• _Task to carry out_
Please output exactly the part of the records below that opens with the line containing "외국인 이웃의 따뜻한 겨울나기 돕기 나선 경기도 공직자들, 외투 280여벌 기부" and closes with the line containing "สำนักงานนวัตกรรมแห่งชาติ ผนึก ทรู", both lines included, and nothing else.

• _Data shown_
"""

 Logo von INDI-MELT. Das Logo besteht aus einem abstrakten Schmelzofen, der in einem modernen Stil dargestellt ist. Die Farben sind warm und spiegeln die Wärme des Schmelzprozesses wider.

"""
"""

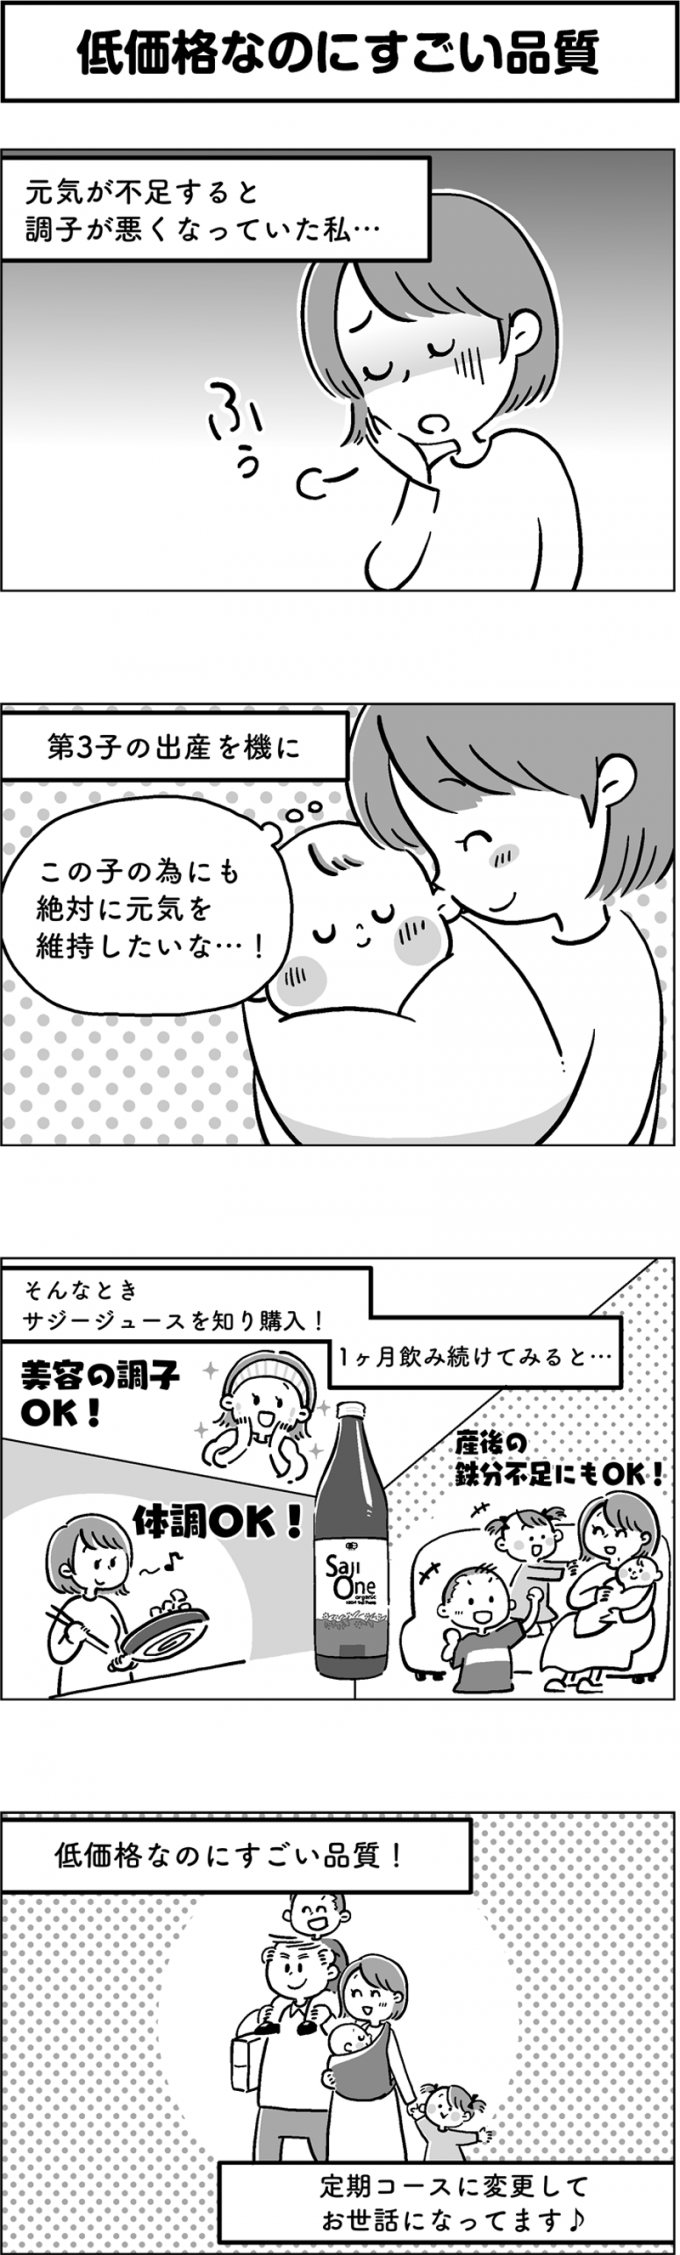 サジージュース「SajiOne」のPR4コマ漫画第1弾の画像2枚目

"""
"""

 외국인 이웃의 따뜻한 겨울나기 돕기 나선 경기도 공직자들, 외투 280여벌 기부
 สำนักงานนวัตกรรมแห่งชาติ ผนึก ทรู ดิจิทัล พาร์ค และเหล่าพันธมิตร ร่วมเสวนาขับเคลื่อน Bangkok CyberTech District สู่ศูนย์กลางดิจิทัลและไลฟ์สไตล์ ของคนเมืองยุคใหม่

"""

• _Task result_
 외국인 이웃의 따뜻한 겨울나기 돕기 나선 경기도 공직자들, 외투 280여벌 기부
 สำนักงานนวัตกรรมแห่งชาติ ผนึก ทรู ดิจิทัล พาร์ค และเหล่าพันธมิตร ร่วมเสวนาขับเคลื่อน Bangkok CyberTech District สู่ศูนย์กลางดิจิทัลและไลฟ์สไตล์ ของคนเมืองยุคใหม่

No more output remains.